Kyle se traîna jusqu’à la machine à café et se versa une tasse du liquide brûlant.
— C’est une très bonne question, finit-il par répondre.
Cheetah resta un instant silencieux. Puis il reprit :
— Il y avait encore autre chose, dans cette histoire. Kyle avala une gorgée de café.
— Oui ?
— Il y avait le problème du commencement zygotique accidentel.
— Oh, le convoité CZA. Attends, tu veux dire, le bébé ! Bon Dieu, c’est évident. Que s’est-il passé ?
— Avant son accident, Kathy était une catholique convaincue. Elle était opposée à l’avortement. Ses parents en ont tenu compte, et ils ont décidé qu’elle devait garder le bébé et qu’ils l’élèveraient.
Kyle était incrédule.
— Ils ont décidé qu’elle garderait le bébé alors qu’elle était dans le coma ?

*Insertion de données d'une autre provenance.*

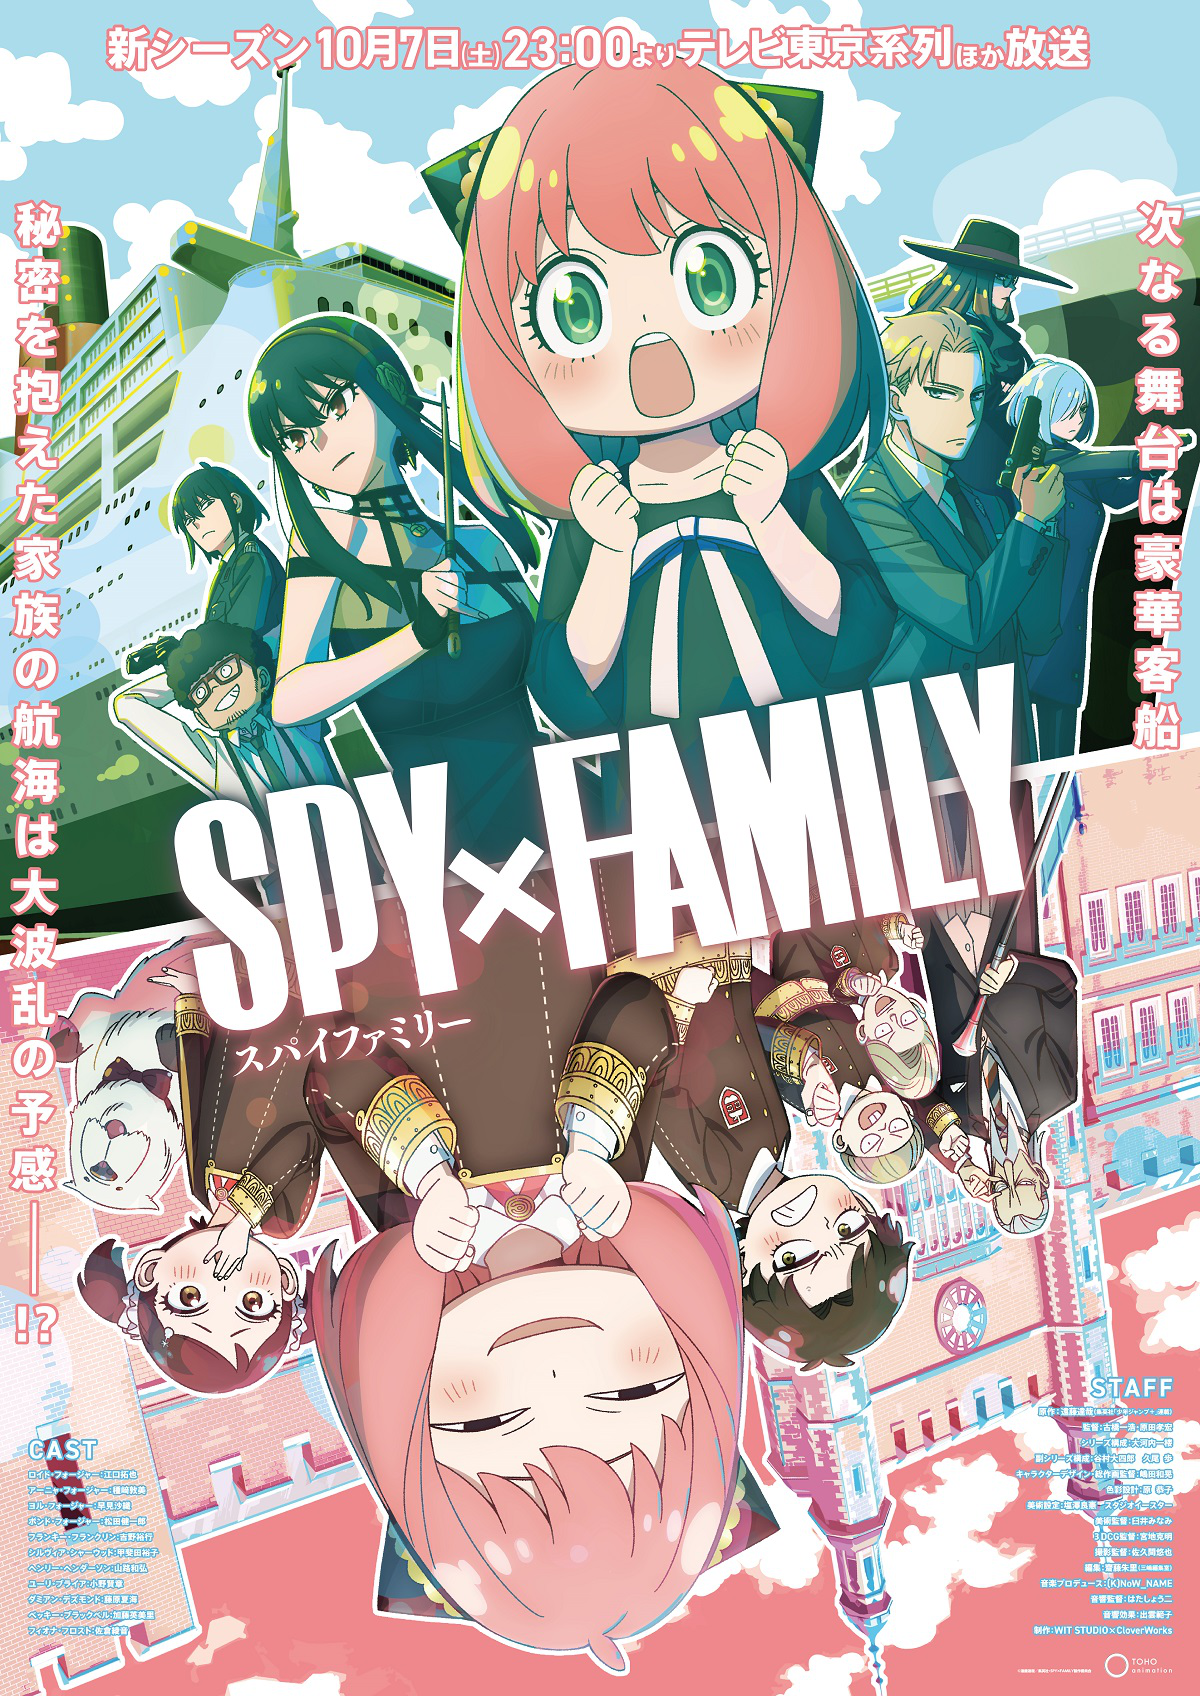 SPY x FAMILY Season 2 | Spy x Family Wiki | Fandom

— Oui. Ce n’est pas une chose impossible. Il y avait déjà eu plusieurs cas de femmes qui avaient eu des enfants en étant dans le coma, mais c’était la première fois qu’une femme devenait enceinte après être tombée dans le coma.
— Ils auraient dû la faire avorter ! objecta Kyle.
— Vous autres les humains, vous portez des jugements si hâtifs, dit Cheetah d’un ton qui paraissait envieux. J’ai essayé plusieurs fois de résoudre ce problème, et je me suis rendu compte que j’en étais incapable.
— De quel côté penches-tu ?
— J’ai tendance à penser que, puisqu’ils avaient décidé de laisser vivre le bébé, ils auraient dû le placer dans une famille d’accueil.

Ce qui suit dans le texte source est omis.